> [WHAT IS NEEDED]: Copy out, unchanged, the entries below from the "近日，在阿坝州金川县观音桥镇" line to the final line. Omit pictures.

> [SUPPLIED DATA]:
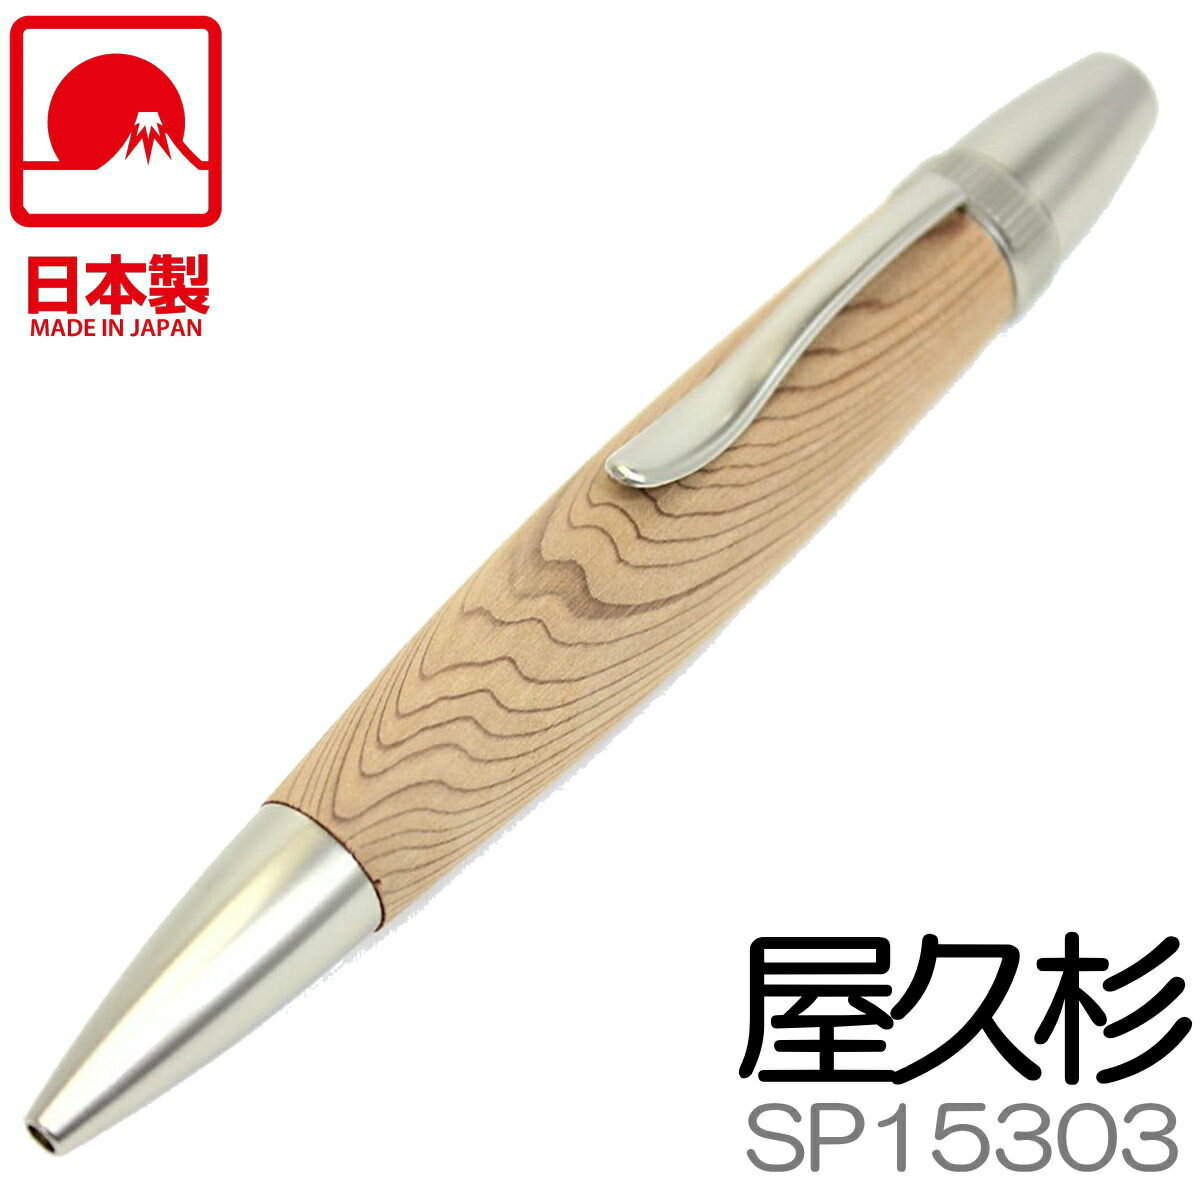 F-STYLE 手作りボールペン | 屋久杉 やくすぎ | 縁起杢 | SP15303 パトリオット | 全長125mm | 日本製 銘木 木製 木軸ペン エフスタイル
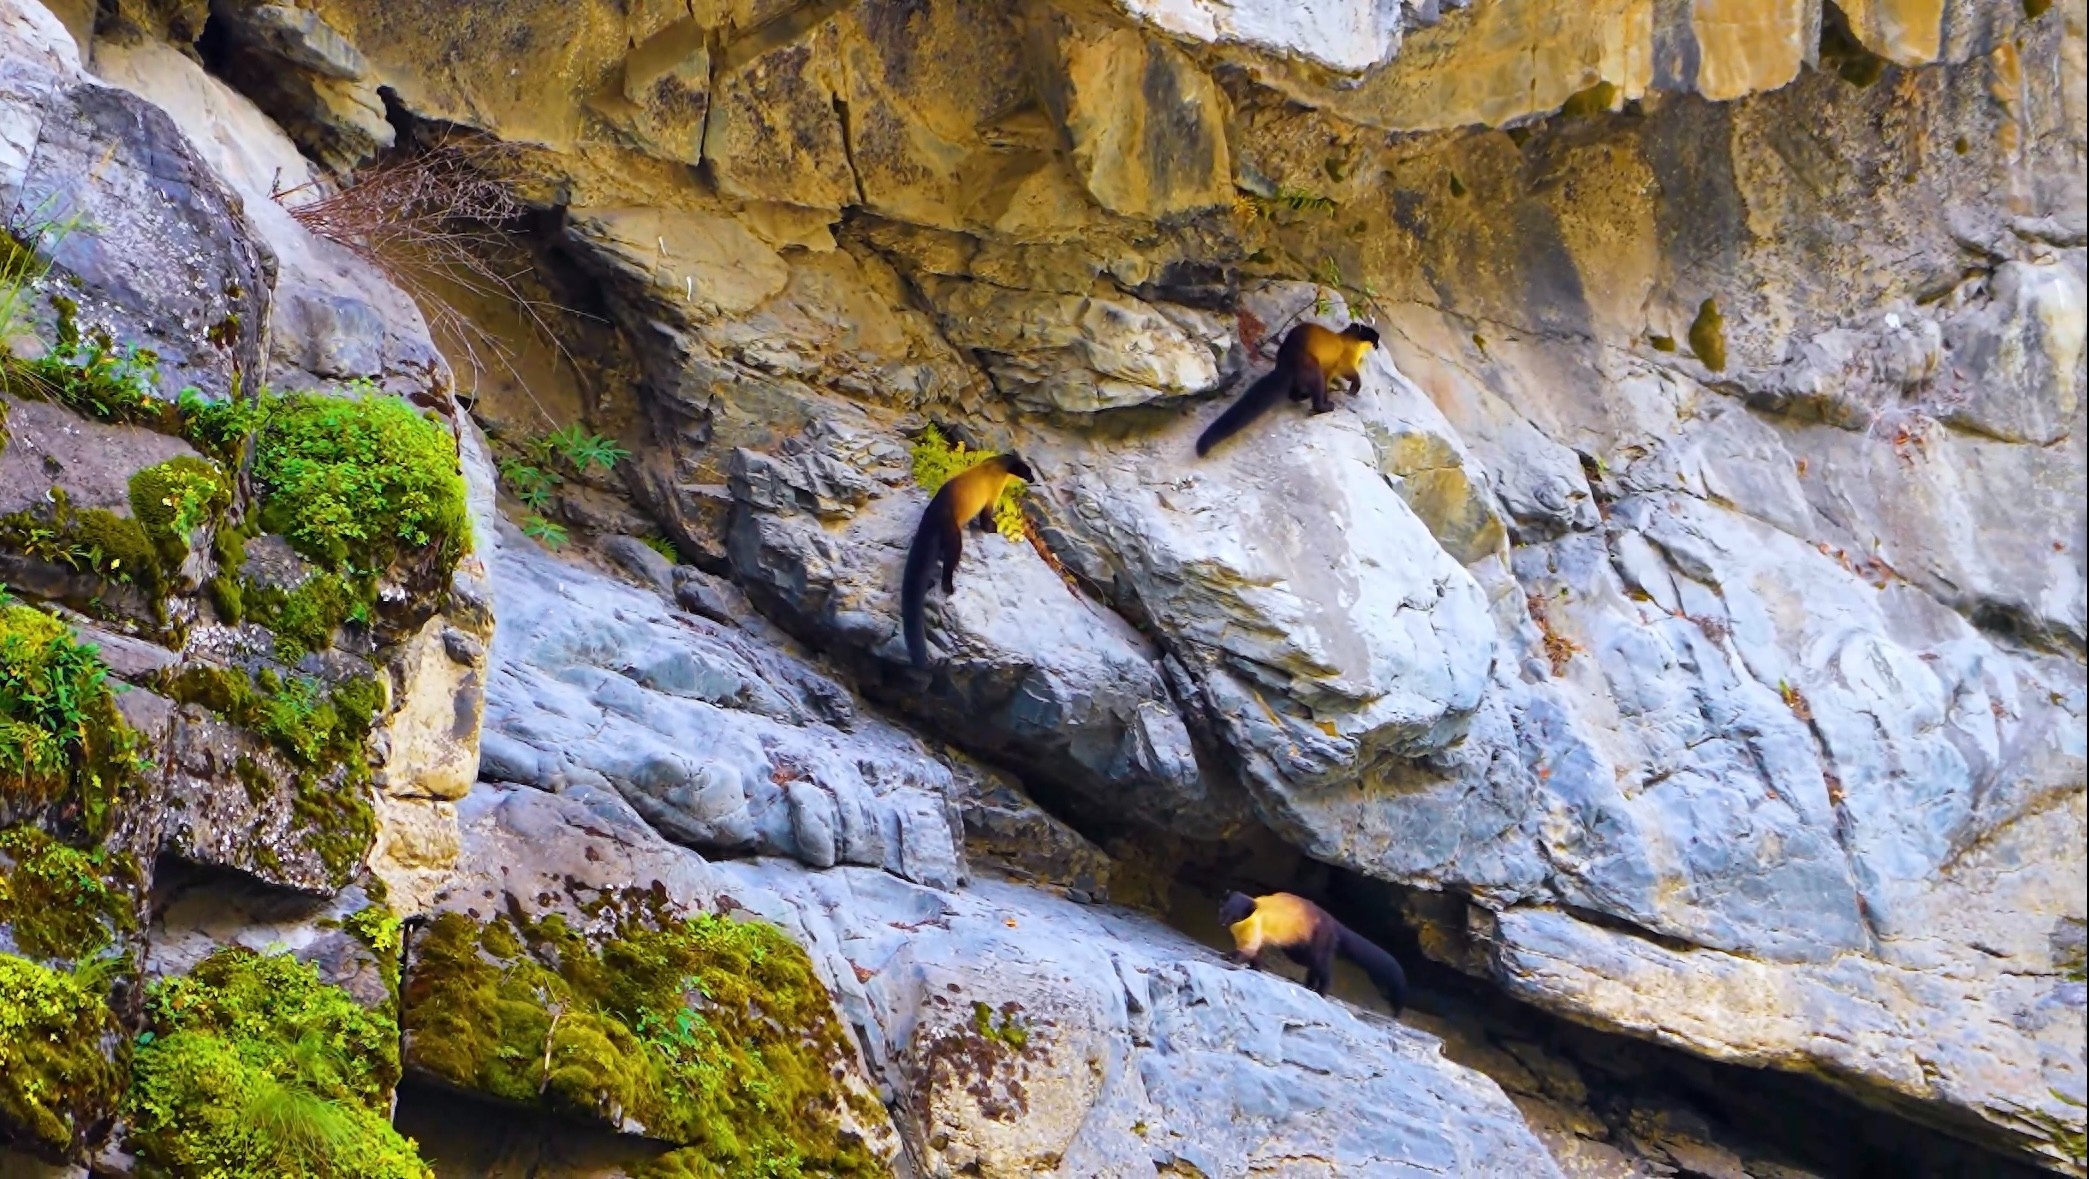 近日，在阿坝州金川县观音桥镇附近，当地摄影爱好者在拍摄自然景观时偶然拍摄到了多只黄喉貂“集体行动”画面。它们时而穿梭于山间密林，时而跳跃于峭壁巨石，时而嬉戏于河流
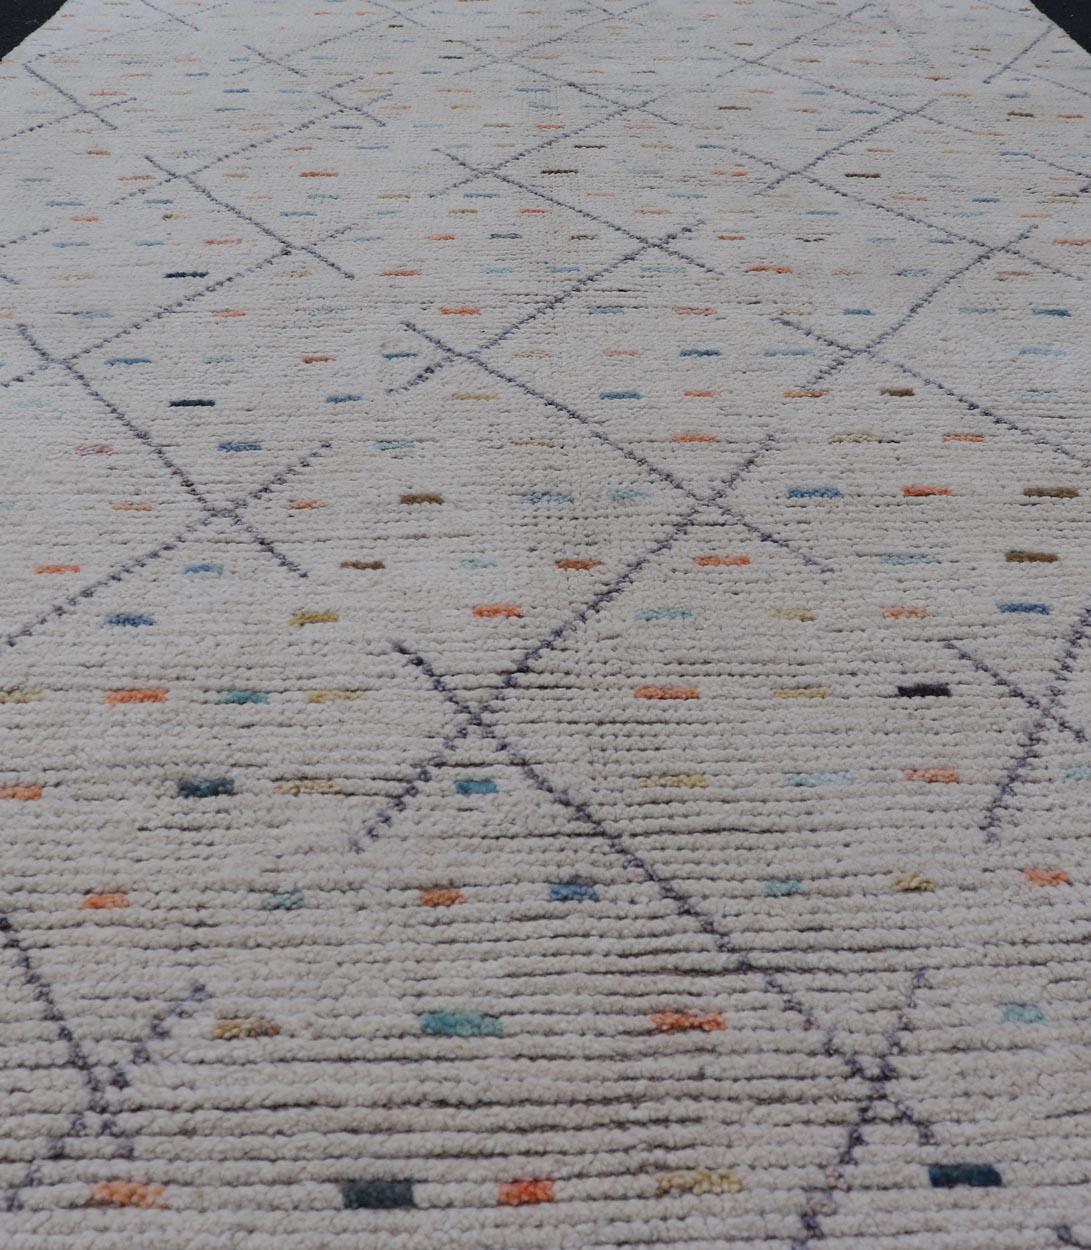 Moderner Stammesteppich aus Wolle mit subgeometrischem Design von Keivan Woven Arts.  Teppich MSE-12905, Keivan Woven Arts / Herkunftsland / Art: Afghanistan / Modern Casual, etwa Anfang des 21. Jahrhunderts.
Maße: 4'11 x 8'7 
Dieser moderne,

> [EXERCISE RESPONSE]:
 近日，在阿坝州金川县观音桥镇附近，当地摄影爱好者在拍摄自然景观时偶然拍摄到了多只黄喉貂“集体行动”画面。它们时而穿梭于山间密林，时而跳跃于峭壁巨石，时而嬉戏于河流
 Moderner Stammesteppich aus Wolle mit subgeometrischem Design von Keivan Woven Arts.  Teppich MSE-12905, Keivan Woven Arts / Herkunftsland / Art: Afghanistan / Modern Casual, etwa Anfang des 21. Jahrhunderts.
Maße: 4'11 x 8'7 
Dieser moderne,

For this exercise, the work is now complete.